Assay design and performance. a) A bridged capture format and terminal biotin served to immobilize the reporter system. b) Reproducibility of standard curves for this design was demonstrated using miR-21 as a representative target at six standard calibration concentrations covering six orders of magnitude (from 1 × 10⁻¹⁴ M to 1 × 10⁻⁹ M), and the inset shows the lower concentrations that are obscured in the main plot. Each independent run was normalized internally to the highest and lowest values within that set. c) Mismatch selectivity was demonstrated among the Let-7 family members. The insets provide a closer view of concentrations not readily visible in the main plot areas.

To verify that assay stringency was sufficient for analytical utility, the Let-7 family of miRNA was adopted as a selectivity model due to inclusion of perfectly matched as well as 1- and 2-nucleotide mismatched targets (Figure 4c). The 1-nucleotide mismatch of Let-7c, being the most relevant analytical comparison, was found to generate an average signal of less than 6% of the perfect-matched signal. Suitability of TA2Gluc for use as a universal reporter was confirmed by employing either four individual capture/reporter systems (Figure S8) or two reporter systems in crude human serum (Figure S9a-b) and observing the system response under constant TA2Gluc concentration. By independently detecting each signal, an average detection limit of 2.3 × 10⁻¹³ M in buffer was achieved, with three species providing an average of less than 1.0 × 10⁻¹³ M. Surprisingly, serum had only a miniscule comparative effect on sensitivity and overall calibration performance for the miRNA tested. It was apparent, however, that each miRNA species has a distinct calibration curve that reflects the effects of individual T_m and sequence differences on equilibrium conditions, although inter-assay variability for unique targets, as a measure of reproducibility, was minimal.

In summary, a high degree of construct thermostability and the demonstration of appropriate sensitivity using an example miRNA detection platform provide convincing evidence of TA2Gluc utility in assay design.
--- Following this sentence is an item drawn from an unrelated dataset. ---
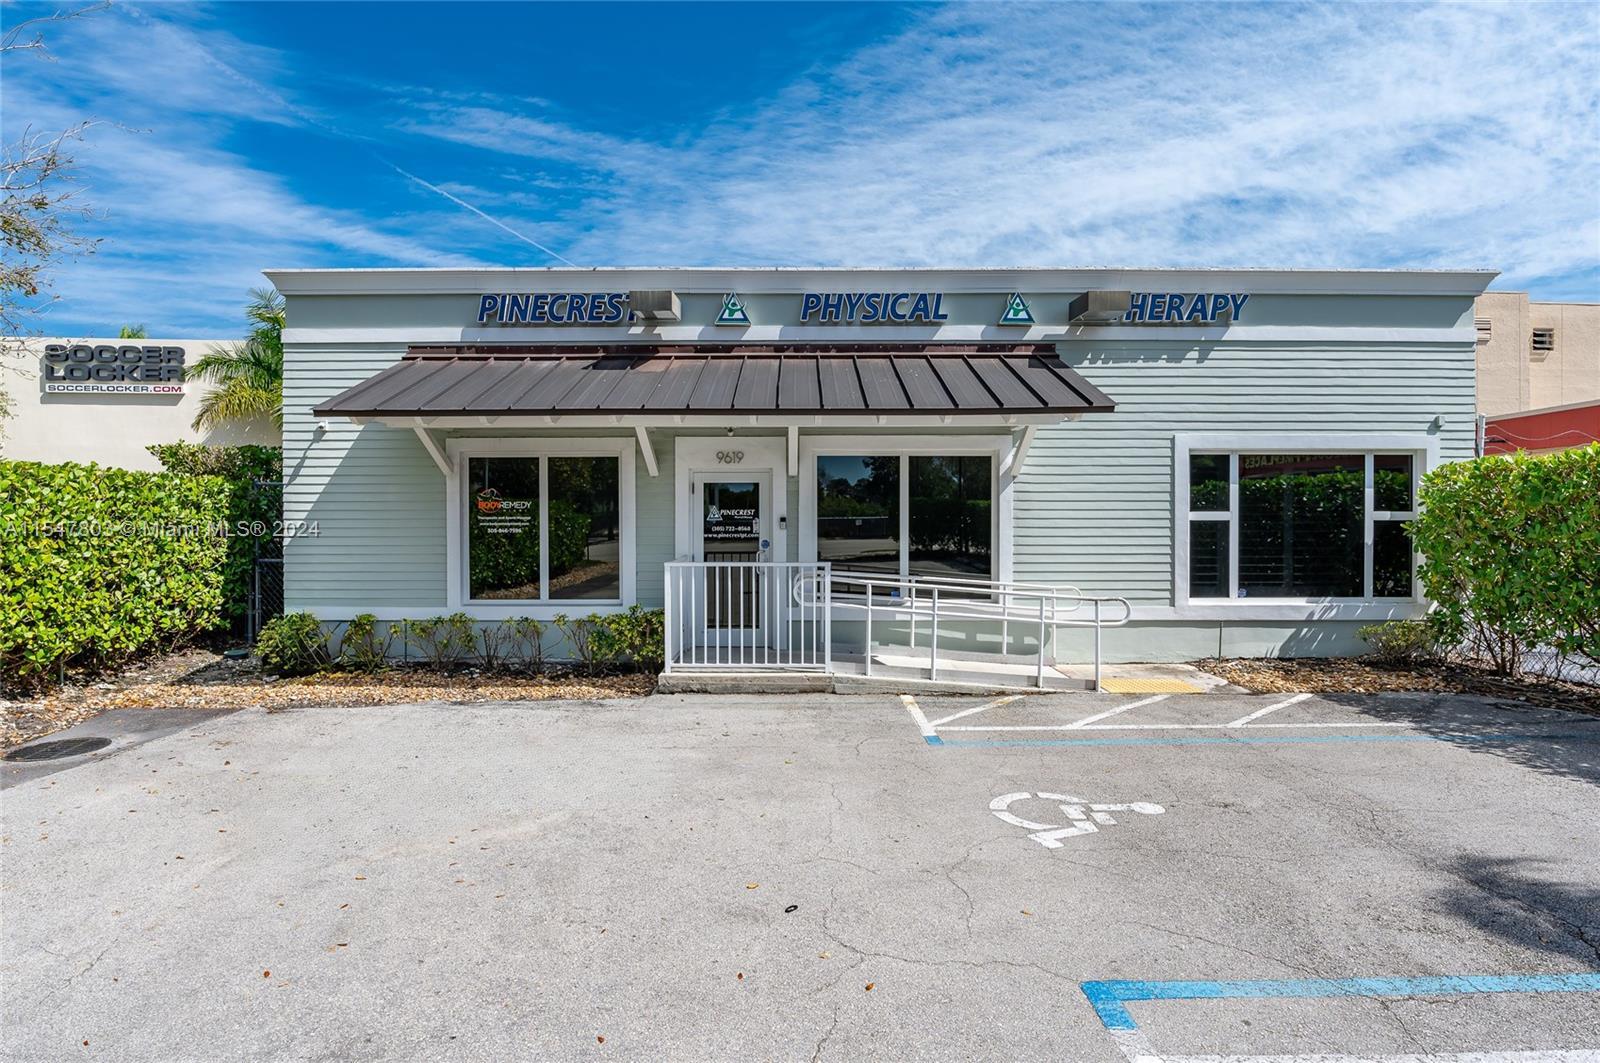 Photo of 9619 S Dixie Hwy in Pinecrest, FL
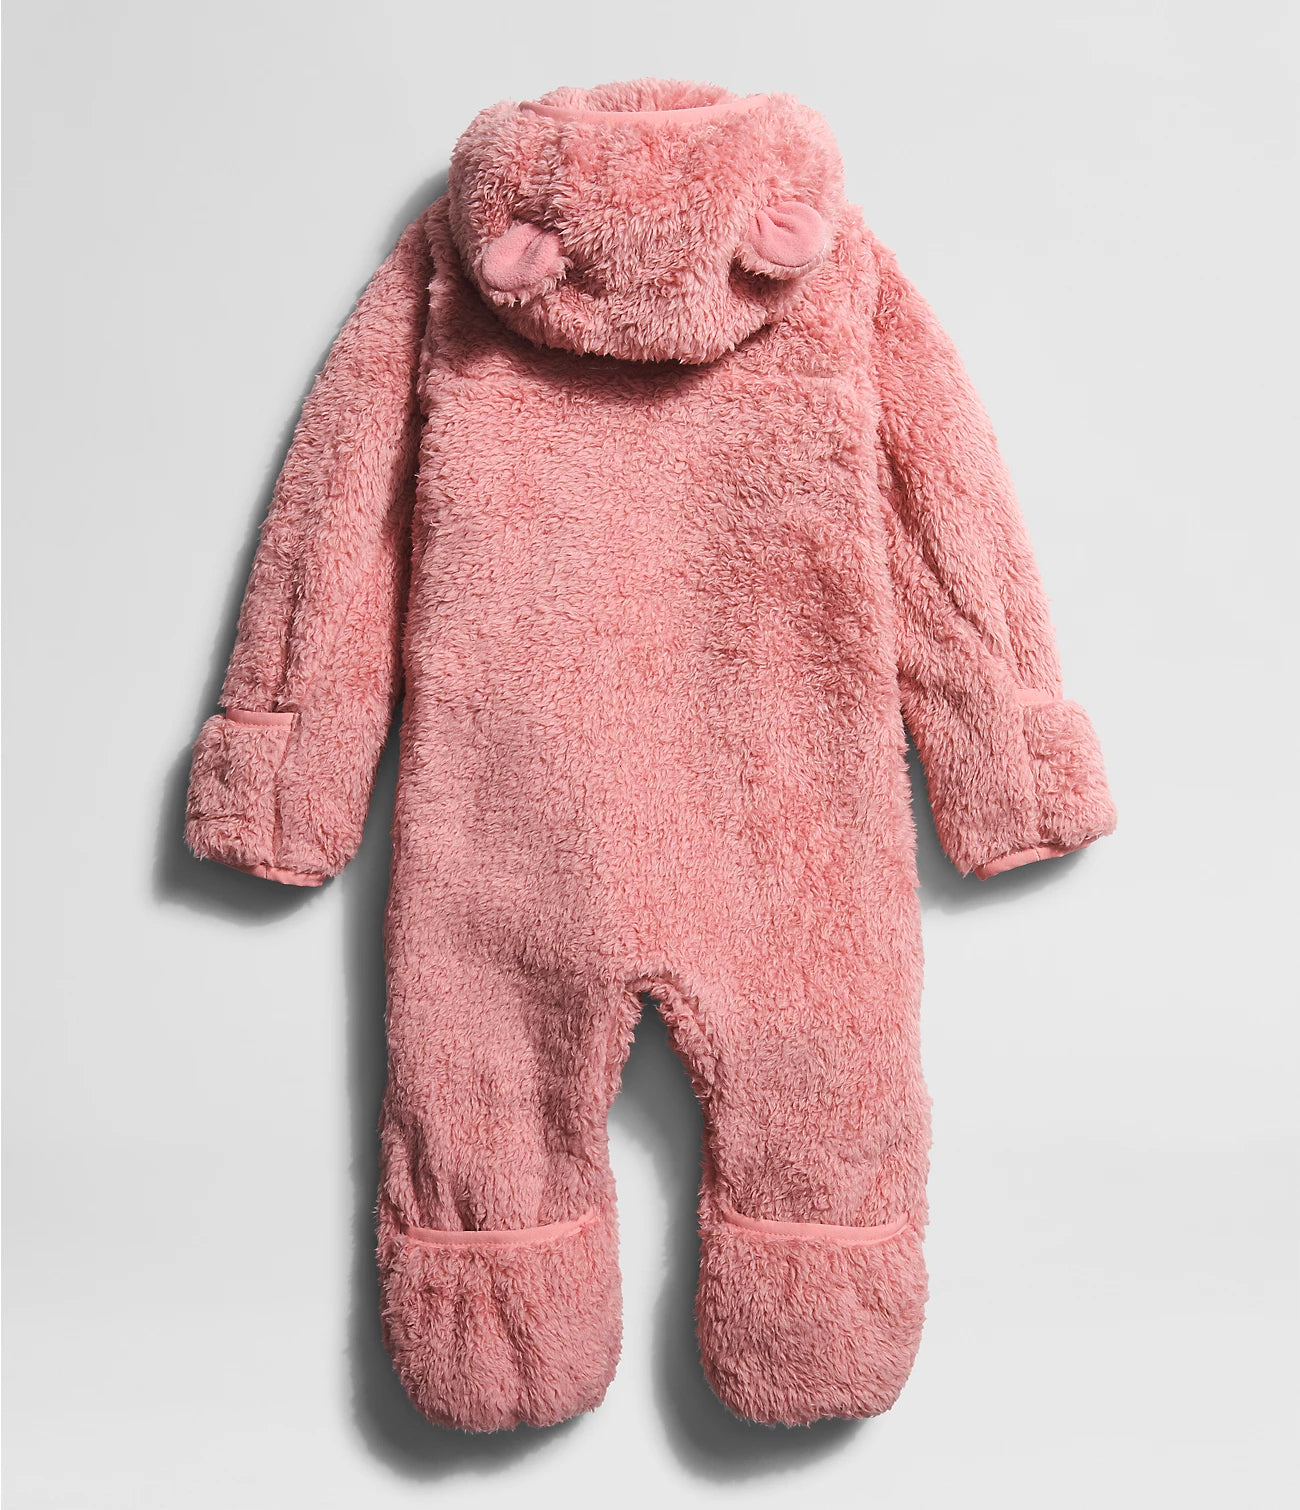 North Face - Baby bear suit

Besides the obvious benefits of a high-yield fusion of immobilization and reporter moieties, the time and cost savings from simplistic bacterial expression combined with excellent retention of activity in storage (>6 months at 4 °C) and the lack of post-expression manipulation translate to a robust assortment of potential applications ranging from analytical assay development to in situ tracking and imaging. Given the recent emphasis on merging in vitro imaging systems with bioluminescent tracking to provide deep-tissue penetration, this construct and its serum-stable constituents could provide a more efficient route to labeling. Likewise, advances in isothermal amplification technologies as well as portable assay designs provide many systems that could easily incorporate this construct, enabling reduced complexity and production time for point-of-care devices.^[17] The sensitivity of bioluminescence, the prodigious binding affinity of biotin-binding proteins, the universal nature of biotin recognition, and the simplicity of bacterial expression make this construct uniquely valuable for modern biotechnology.